• Data for this exercise

•••

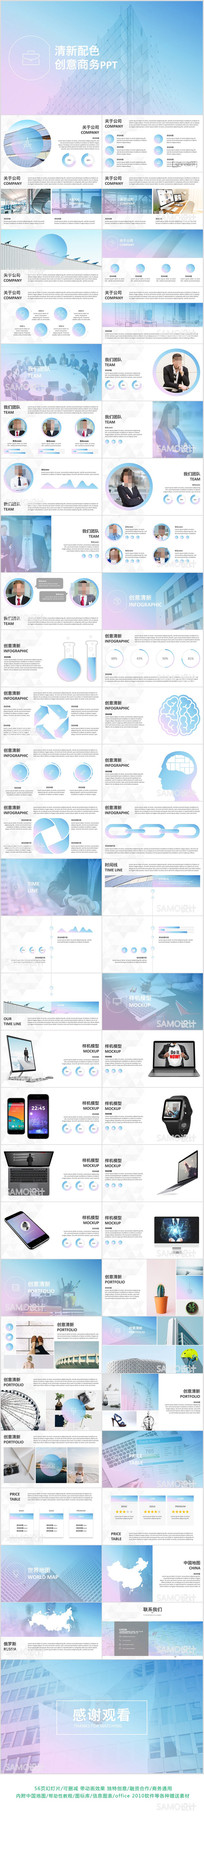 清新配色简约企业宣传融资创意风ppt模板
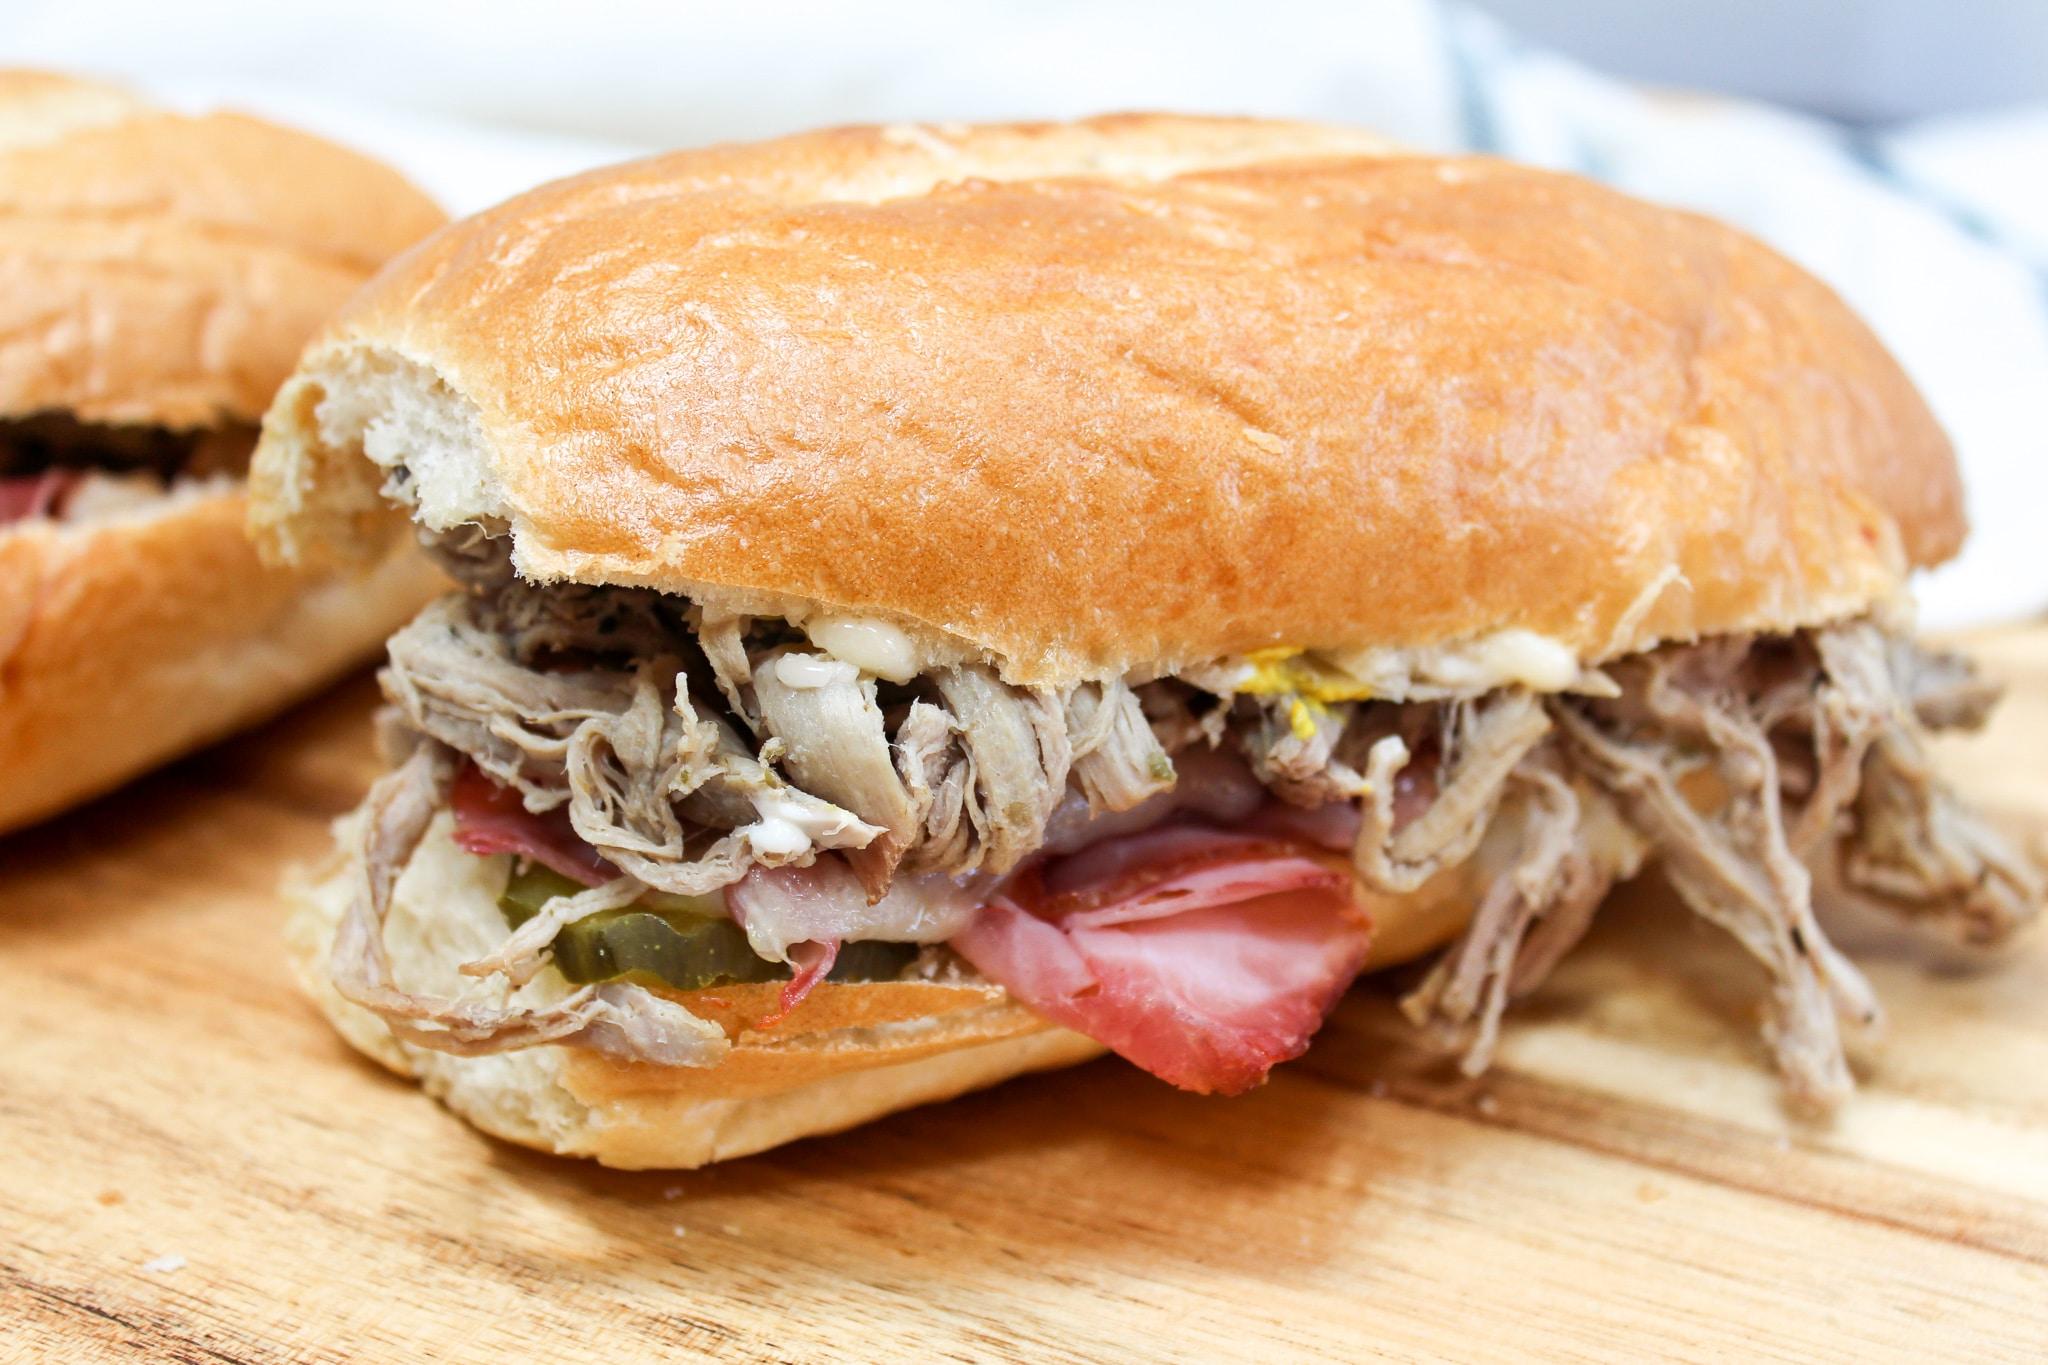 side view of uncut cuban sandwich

•••

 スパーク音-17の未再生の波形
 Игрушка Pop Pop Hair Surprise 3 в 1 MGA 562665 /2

•••

• Problem statement
In the entries above, find the line with "清新配色简约企业宣传融资创意风ppt模板" and the line with "side view of uncut cuban sandwich". Write out exactly those two lines and every line between them, pictures excluded.

• Exercise solution
 清新配色简约企业宣传融资创意风ppt模板
 side view of uncut cuban sandwich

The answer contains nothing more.